In today’s world, a data scientist is expected to be a jack of all trades; a self-learner who has a solid quantitative foundation, an aptitude for programming, infinite intellectual curiosity, and great communication skills.
Instead of relying on personal and professional biases, we wanted to let the data speak for itself. We analyzed 254,000 skill records of self-identified data scientists and ranked each skill by the number of people listing it on their profile.
While “big data” and “hadoop” might still be buzzwords in some circles, they are not even in the top 10 actual skills employed by a garden-variety data scientist. Instead, generic “data analysis,” R, Python, and machine learning lead the way, followed by statistics, SQL, analytics, MATLAB, and Java.
Note that data analytics differs from data analysis in that it is a broader term, generally implying an understanding of techniques and methods as opposed to just familiarity with tools for exploring and analyzing data (see this article).
While this ranking does show the most prominent skills in the data science community as a whole, it averages out important hierarchical differences. We took a closer look at LinkedIn data and compared top skills across three different seniority levels: chief, senior, and junior.
The chief data scientist group included people in the C-suite, as well as founders, co-founders, owners and vice-presidents. The senior group consisted of directors of data science, managers, heads of data science, data science leads, principal and senior data scientists. Finally, the junior group included everybody not already captured by the chief and senior groups.
To highlight differences across seniority levels and make these differences easier to digest, we compared each level to the same common denominator: the average data scientist.
Interestingly, chief data scientists were significantly more likely to list business intelligence, analytics, leadership, strategy and management among their skills than both junior and senior data scientists. At the same time, today’s chief data scientists appear to be less technical on average: only 27% and 26% listed Python and R, respectively. Compare this to the corresponding 52% and 53% of junior data scientists, along with 38% and 43% of senior practitioners.
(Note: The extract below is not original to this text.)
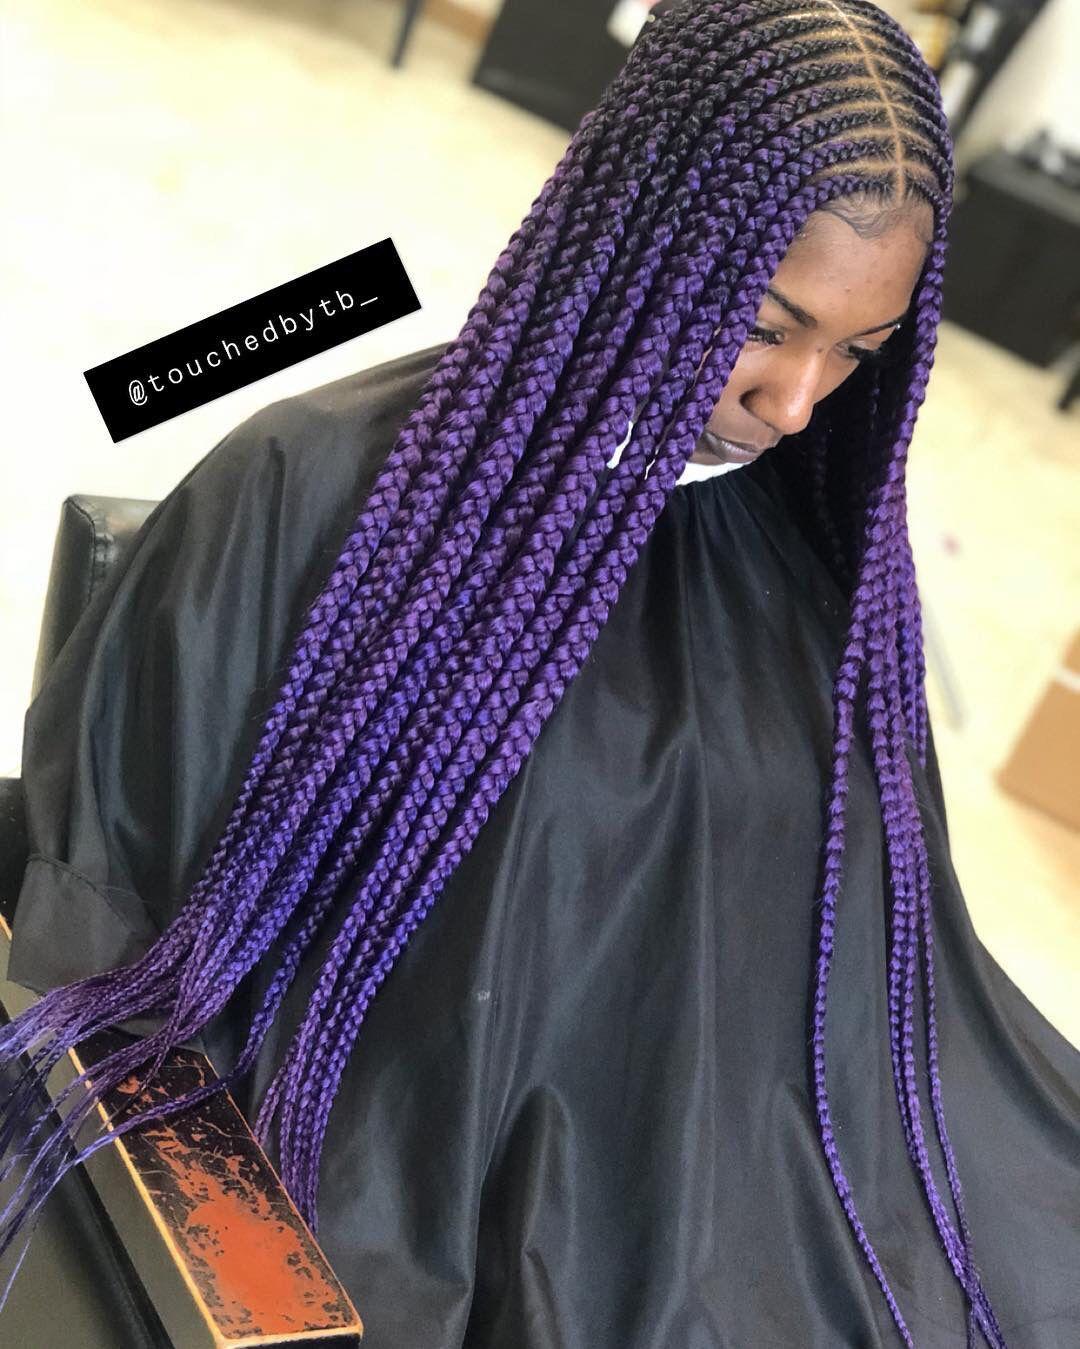 Pin By Sweet Sour On H A I R S L A Y E D Hair Styles Braided Hairstyles For Black Women Cornrows African Braids Hairstyles

While it is certainly true that chief data scientists may be simply emphasizing skills that are more relevant to their position within the company, we also speculate that many chief data scientists assumed these roles by virtue of being in the field longer or having additional qualifications, such as a business degree. Therefore, it is also possible that some chief data scientists never actually learned many of the skills listed by more junior people.
Similarly to chief data scientists, senior data scientists de-emphasized data analysis, and instead were more likely to emphasize data analytics when compared to junior data scientists: more than 45% of senior data scientists listed that skill vs. only 30% who did so at the junior level.
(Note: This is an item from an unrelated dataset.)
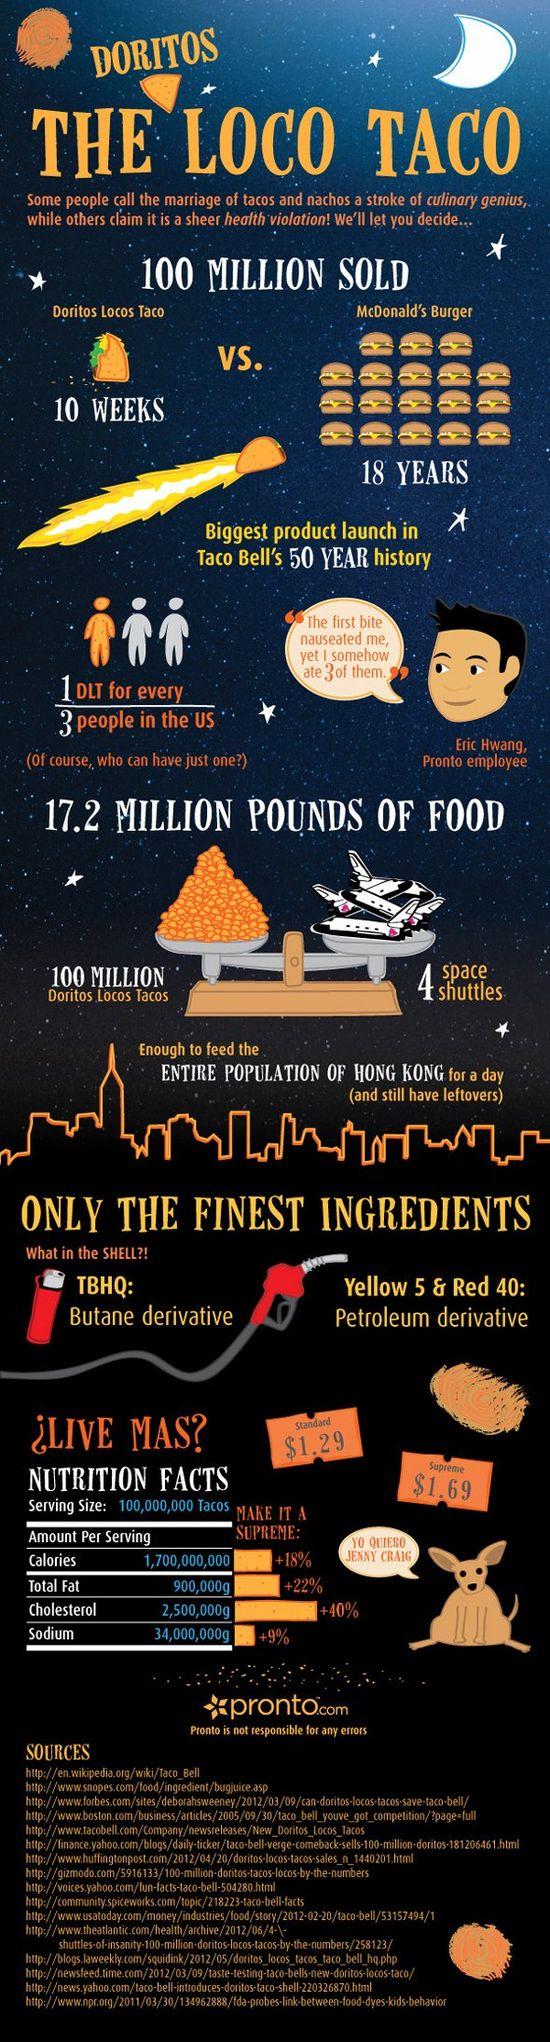 Taco Bell's Doritos Locos Taco Infographic

What is a data scientist's level of education?
We analyzed 27,000 education records to evaluate what percentage of data scientists hold advanced degrees and what fields of academic speciality they come from. This is shown as a percentage of all distinct bachelor’s, master’s, and doctorate degrees listed by data scientists (there are typically multiple degrees per person). 12% of all self-identified data scientists did not list any degrees.
Over 79% of data scientists listing their education have earned a graduate degree, with 38% of all data scientists who had an education record earning a PhD, and close to 42% listing a Master’s degree as the highest degree attained. This shockingly large percentage of data scientists with graduate degrees is indicative of the increasing demand for specialists and a desire for advanced training in general. This trend is echoed by many of today’s data science initiatives that build on research backgrounds of PhDs by helping them learn the tools and the technology stack most commonly used in the industry. This allows them to quickly get up to speed and become productive members of any data science team.
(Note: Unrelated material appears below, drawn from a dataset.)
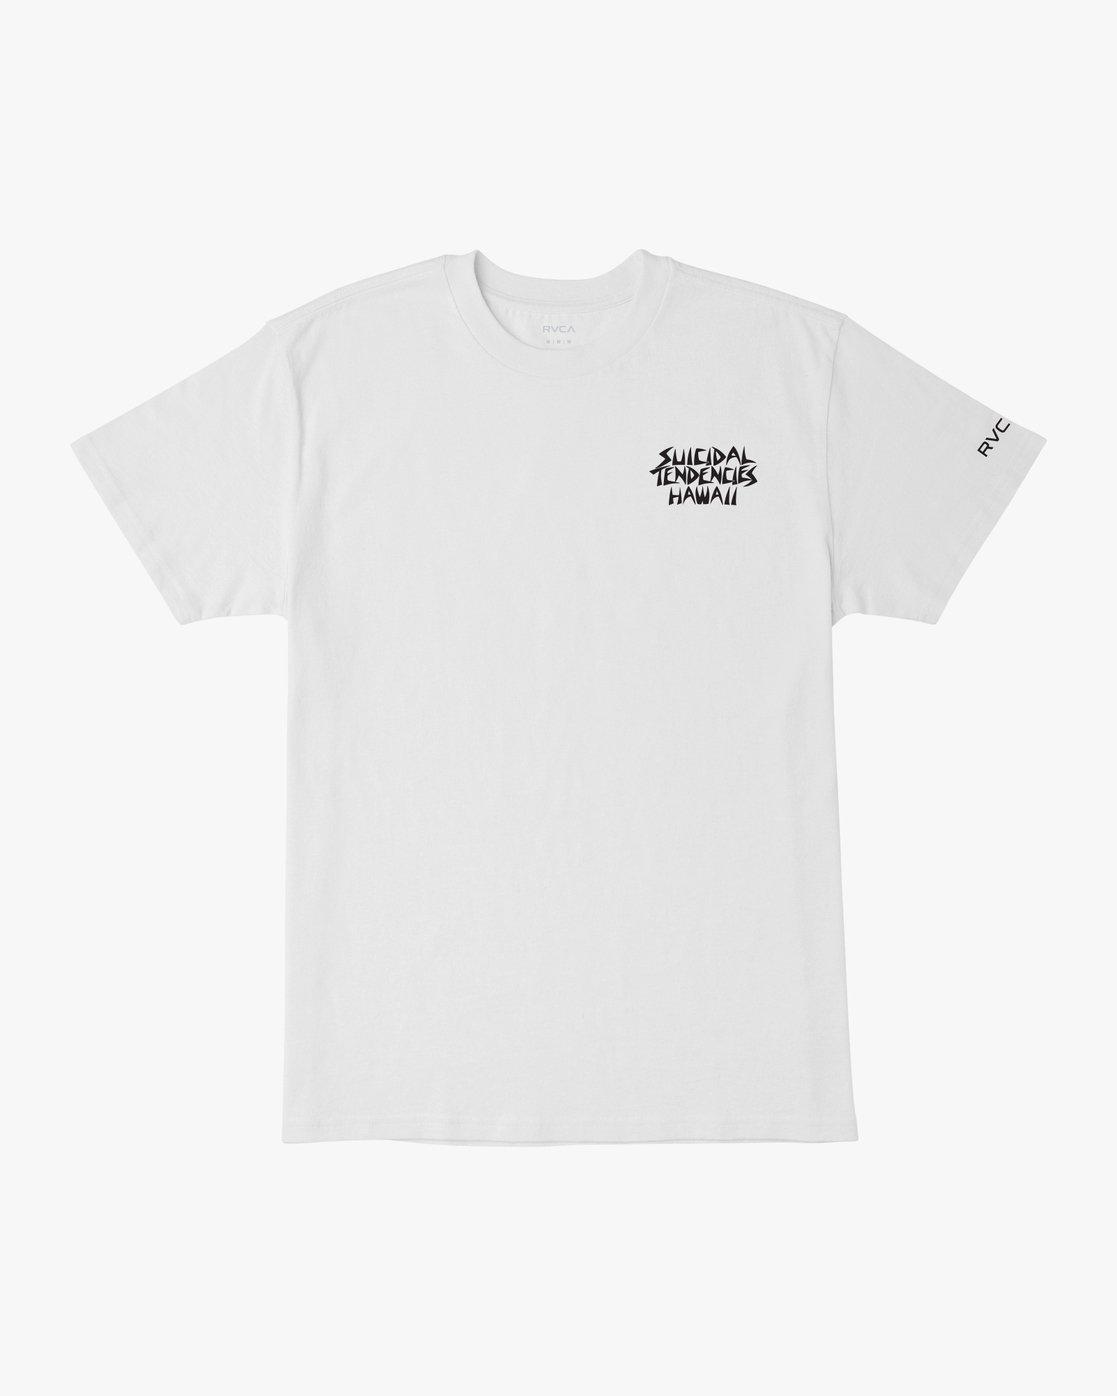 1 RVCA x Suicidal Tendencies T-Shirt White M419TRSU RVCA

As with our analysis of skills, we saw significant differences in education across seniority levels.
The ratio of data scientists with a PhD to data scientists with only a Master’s degree is the highest at the senior level. In fact, it is almost 31% higher for senior data scientists when compared to junior data scientists. This indicates that in today’s market, having a PhD helps data scientists climb the corporate ladder. We also noticed that fewer data scientists had a PhD at the chief data scientist level than at the senior level (35% vs 43%). Again, we speculate that this is largely due to the fact that people in more senior positions have been in the field longer and/or have other credentials that may be more relevant to their position.
What are the top academic backgrounds of data scientists?
Overall, Computer Science is the dominant field of study among data scientists. This supports what we found in our analysis of the skills listed, and what DJ Patil and Hilary Mason expressed in their book Data Driven: Creating a Data Culture. According to these two data science pioneers, “a data scientist who lacks the tools to get data from a database into an analysis package and back out again will become a second-class citizen in the technical organization.”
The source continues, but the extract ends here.